Directly or indirectly intrude on your site

Once attackers have located your site, and maybe even stolen some information about what's on the site, they may try to break in to your host and steal or destroy resources directly. For example, attackers may try to crack passwords so that they can log onto your system. A more sophisticated approach is to take advantage of the class-loading and distributed-object features of Java to inject hostile agents directly into a remote host. For example, a client of the RMISolver from Chapter 3, "Distributing Objects" downloads a stub class that it uses for remote method calls to the server. A sophisticated attacker might try to create a "synthetic" remote stub, one whose methods have been modified to steal and transmit valuable information back to the attacker, or to do damage to the remote host from the inside.

This discussion leads us to the following list of general security concerns for the distributed application developer:

Verification of the identity of remote agents

Any time you open a network connection to a remote host, either directly, using the java.net.Socket and ServerSocket classes, or indirectly, using higher-level operations like connecting to a remote object, you should be concerned about whose agent you are really communicating with, and on which host machine the agent actually resides.

Ensuring that transmitted data is only received and understood by the intended recipient

If you assume that your network transmissions can be tapped into by a hostile party, then you may need to take measures to ensure that only the destination agent is able to interpret and reuse the information you're sending.

Verification of "visiting" agents for correctness and security holes

Internet-based languages such as Java have brought with them the common practice of allowing agents to "visit" your local environment, either as distributed objects or as applets embedded in an HTML page. So you need a means for screening incoming agents for questionable behavior.

Fortification of the local environment against damage

If your other security measures fail and a malicious agent manages to gain access to your local Java runtime environment, you want to minimize or prevent any damage the agent can cause.
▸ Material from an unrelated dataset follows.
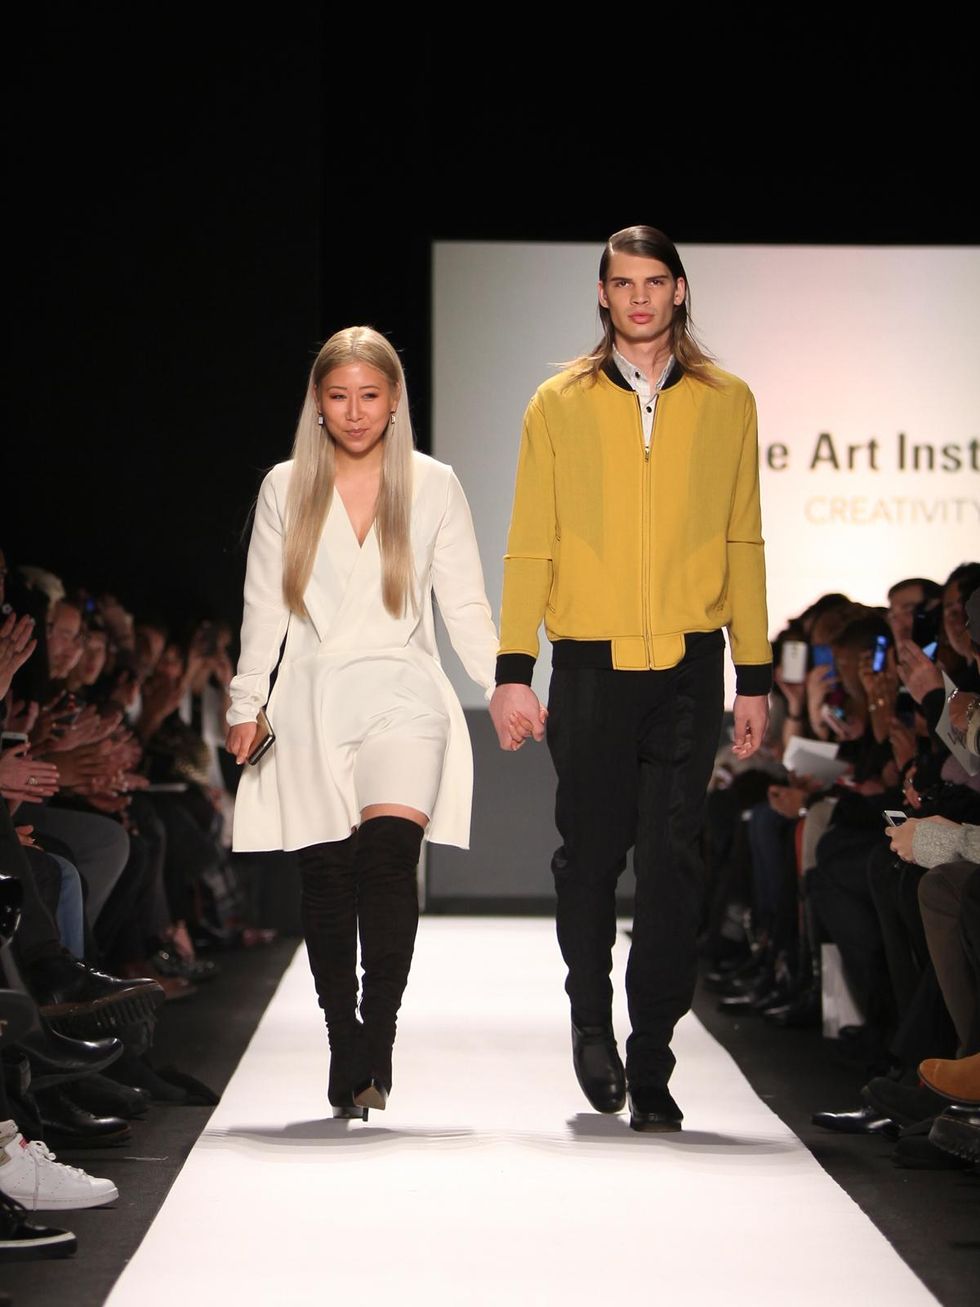 Clifford New York Fashion Week fall 2015 The Art Institutes winners February 2015 Grace Ahn designer

Luckily for us, the Java language developers have decided that the last two issues mentioned in the preceding list will be handled inherently by the Java language and runtime. Verification of incoming Java objects is handled by the runtime bytecode verifier. Any classes loaded over the network as applets or distributed objects are checked for correct bytecode syntax and for basic malicious operations. Some of these questionable operations are attempts to manipulate memory addresses directly, or to replace core system classes with network-loaded versions. On top of this, the Java runtime puts restrictions on any loaded code, depending on its source. Applets have minimal access to the local system, for example, and any code has restricted access to classes outside of its own package scope.

If we assume that the Java language developers have done their job in dealing with the last two issues, that leaves the first two for you to worry about as an application developer. Verifying the identity of a remote agent or the source of incoming data requires some kind of certification and authentication process. Keeping communications private on a semiprivate or public communications link involves the use of data encryption. Again, the Java language developers are looking out for you. The Java Security API, introduced in the 1.1 version of the Java Developers' Kit (JDK™), provides a framework for integrating these security measures into your applications.